Disk errors - but SMART seems fine, how come (new disk!)

maeffjus · August 22, 2024, 10:22am

Hey, I just installed a new disk (see here: Truenas Core exchange pool with 4+8tb against a 14tb drive)

So far nothin unusual - but after It was installed, I let the pool resilver the first disk (/dev(sdb).

After this had finished, I did the same with the second disk (dev/sda) in the pool / mirror.

Once this was resilvered too, I saw that there are 1468 errors on /dev/sdb, wich is just brand new! It was never dropped or whatever and just got installed right out of the package and remained untouched since then.

See here:

This is what the disk says in smartctl /dev/sdb -a:

Any idea what is the cause and how to correct the errors? Somehow it seems that SMART and the errors do not match in any way. (I also wonder how the G-sensor could note anything!)

Regards

FYI, the disks both are Toshiba Enterprise Capacity MG07ACA 14TB.

dan · August 22, 2024, 10:33am

You really should test drives before adding them to your pool. There are many guides for doing so; I typically follow the one here:
https://wiki.familybrown.org/fester/build-hardware/validate-disks
…or this script also works well and automates much of the process:

Maybe your disk is DOA; maybe the problem is somewhere else. It’s running way too hot, so you should investigate your drive cooling.

maeffjus · August 22, 2024, 12:32pm

I know it is pretty hot - but this is for a reason:

This is my backup device with is idle, with disk stopped 99% of the day.
Only at 0:00 it has about 15min of work to do.

So there is not a very powerful fan cooling the drives. Usually they are in the mid to low 40s, but since I resilvered about 4tb, it got a bit warm.

But from the SMART- I’d say it is generally fine - or am I mistaken?

maeffjus · August 22, 2024, 12:37pm

It is checksum errors - does this make a difference?

etorix · August 22, 2024, 1:50pm

Could be a cable issue, or over heating controller. Being 99% idle is no excuse for poor cooling—though it should not result in these errors.

Davvo · August 22, 2024, 2:07pm

You are watching a smart page where NO testing has been done: the data you see is the one the drive is able to gather by itself and is not showing you the complete picture.

While using an SSH connection, run tmux new then smartctl -t long /dev/sdb. Wait for that to end (depending on how big the drive is it can take over 12 hours) then check again the smart data page.

etorix · August 22, 2024, 3:17pm

There’s no need to use tmux: Once initiated, the test is carried out by the drive itself.

Davvo · August 22, 2024, 3:53pm

Used the chance to introduce OP to tmux.

joeschmuck · August 22, 2024, 8:34pm

My two cents…

While your cooling methods are not good, I do think the heat is causing the your issue, just not where you think it is.
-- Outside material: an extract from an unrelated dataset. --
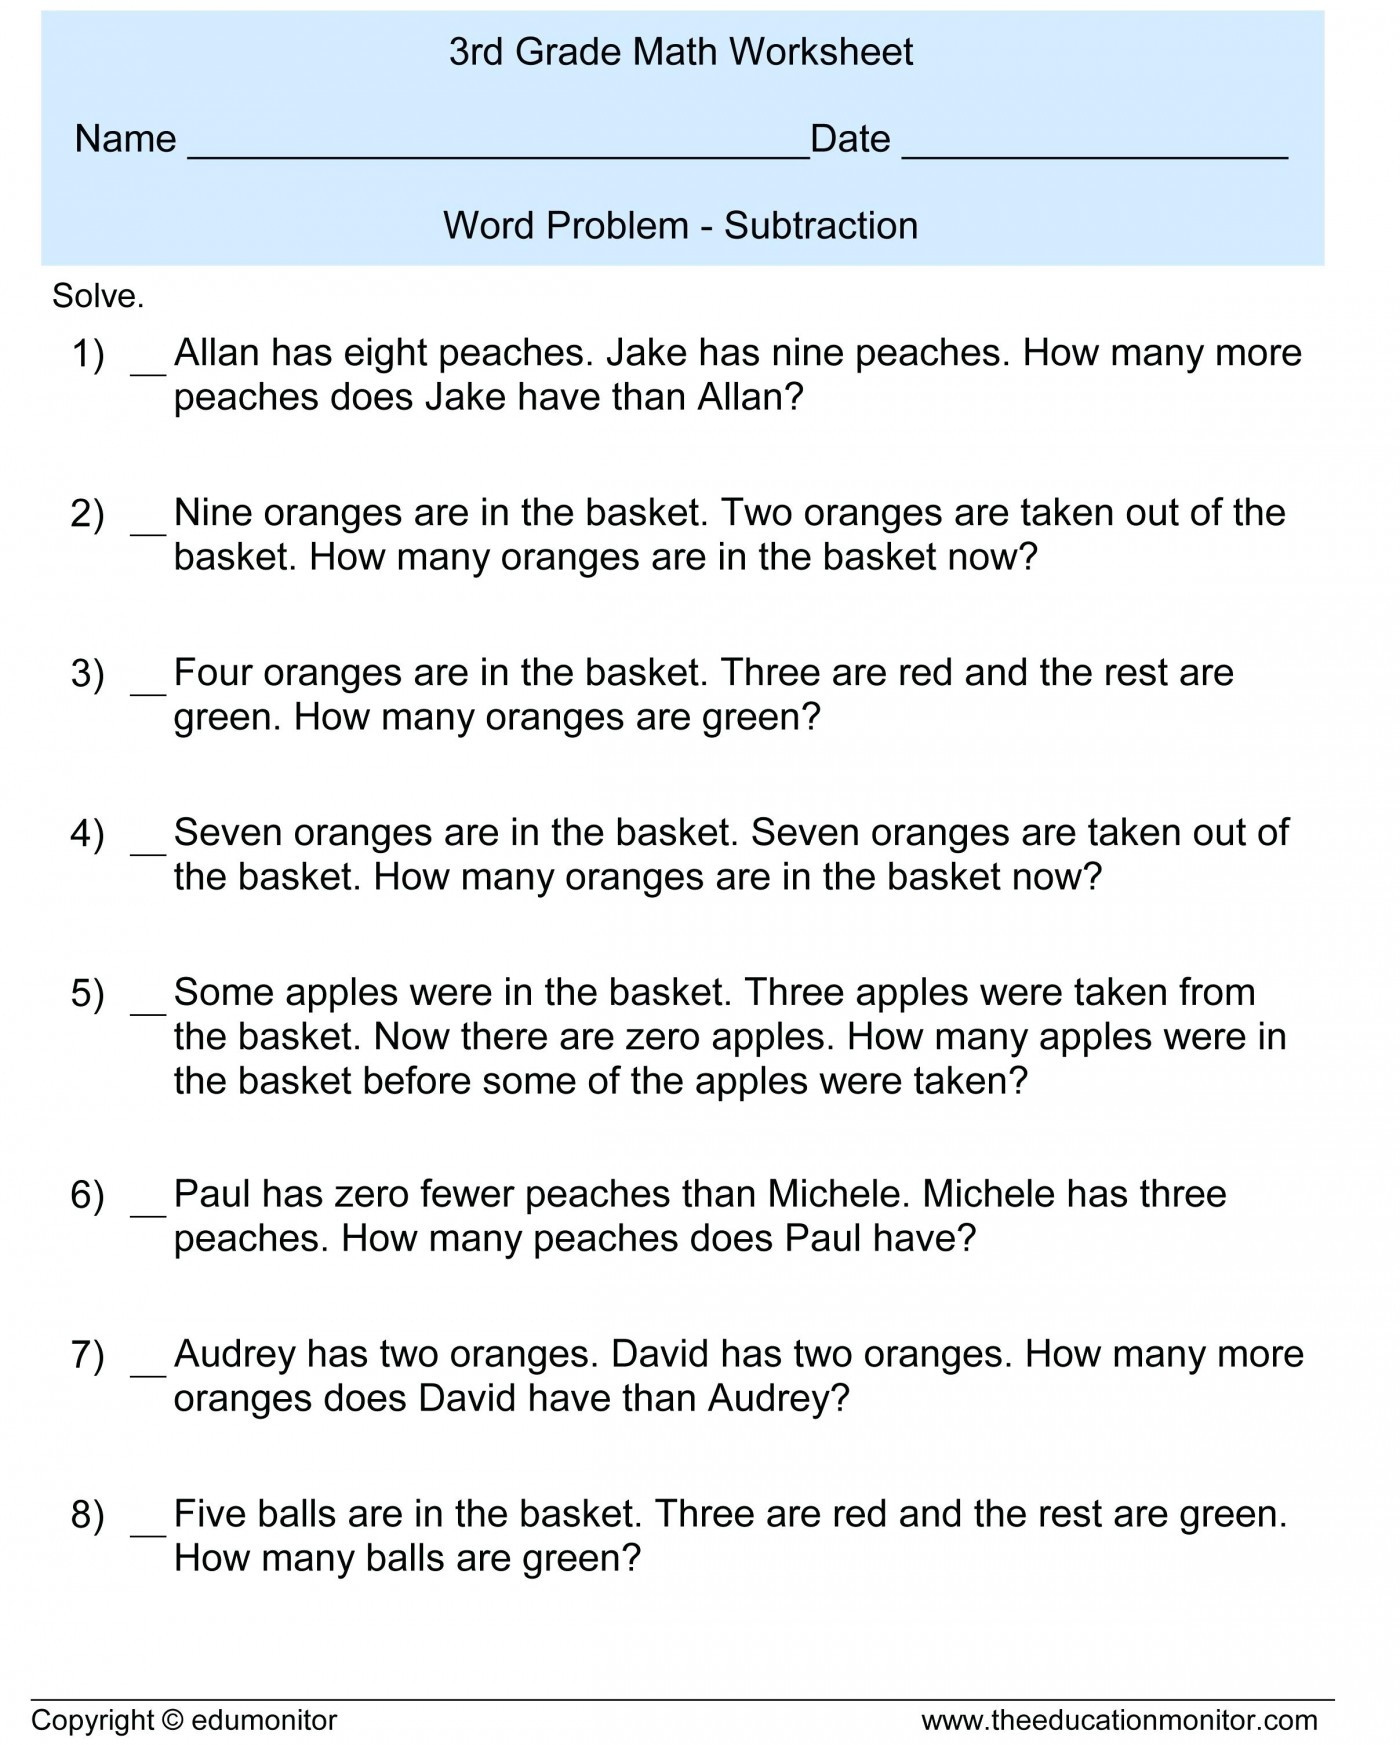 Free Math Worksheets Second Grade 2 Subtraction Add and Subtract 3 Single Digit Numbers

First lets attack the HDD since you are moving in that direction already. You have no SMART errors, you did not run a SMART Long test however you were provided advice to run the test so commence that test. When you start the test odds are it told you to poll the drive again for results after XX minutes. If not or you do not recall that value, run smartctl -a /dev/sdb and near the top if the data that spits out, look for Extended test time and the value is likely within parentheses. Could be well over 600. Anyway this is how many minutes the Long test should take, assuming no real activity on the drive, but I’m going to ask you to give it some activity. You can also check the test status using that same command, just read the data it generates, you will find it. And one more thing, If your drive hits that 54C value, you do realize that you have likely voided your warranty, right?

I suspect the drive will test just fine, so going off that premise and looking at the actual error messages you are having, these are likely ZFS errors.
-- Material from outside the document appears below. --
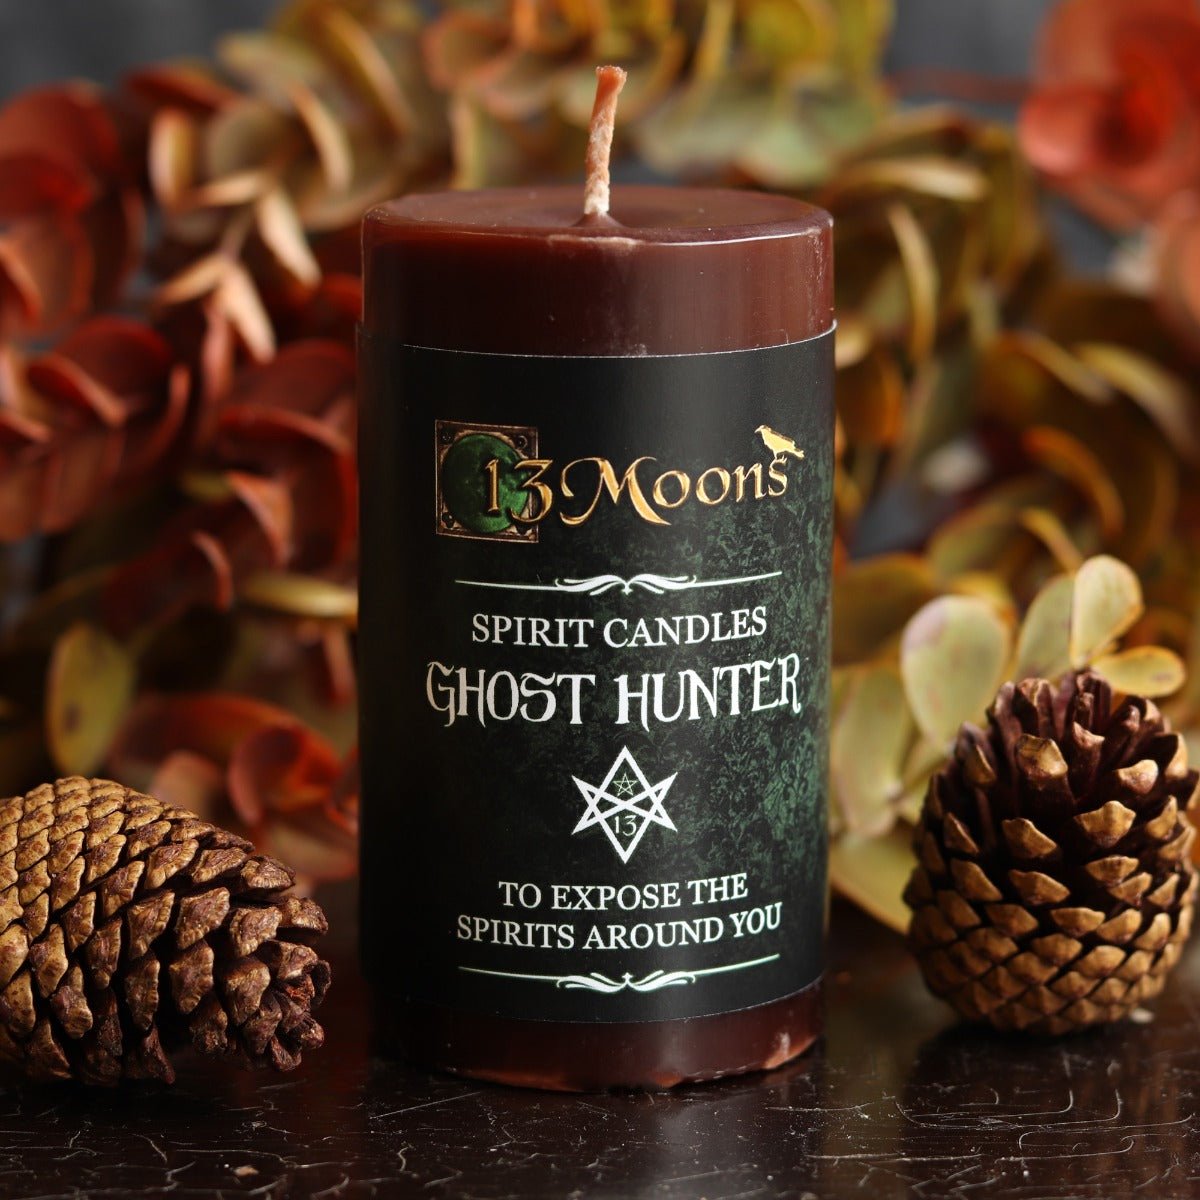 Ghost Hunter Candle - 13 Moons

Go ahead and enter zpool -v status and provide all the data, do not assume you can provide less of it and that this is good enough. It often isn’t and delays fixing the problem. What I am looking for in particular is the pool name so you can use it in the next step below, however it may also provide other information that will narrow down the problem.

Let’s say you have some errors that show up getting this status message (I expect it to), next is to run a scrub by typing zpool scrub poolname where poolname is the name of the pool with the suspect drive.

The goal here is to have the scrub pass and you have zero file errors. You may have checksum errors or other errors, but so long as the scrub reports no file errors then your data should be fully in tact. And we can discuss the next step if things work out as I expect.

Do not get ZFS errors confused with Drive Errors, they are not the same and the majority of the time the drive is not at fault. It could be the controller/HBA, an unstable system (too hot), bad power supply. I’m leaning towards the too hot myself.

Oh yes, you can run the scrub commands (I highly advise it) while the drive is performing the SMART test. The SMART test has a lower priority so the SCRUB will finish first. Just do not power off the system or reboot it or the SMART test will abort and you will need to start all over again. You could use tmux here with the zpool commands or since you are only dealing with a single drive, it will not really benefit you.

If you have any questions about the instructions, ask before you do anything. Be smart, it is your data and we suspect you will want to retain it. If I don’t answer, there are many others here who are smarter than me that will help out.

And a question: How did you get that screen of the drive errors? I must be blind today as I cannot locate it on my TrueNAS 24.04.2 system.

Cheers!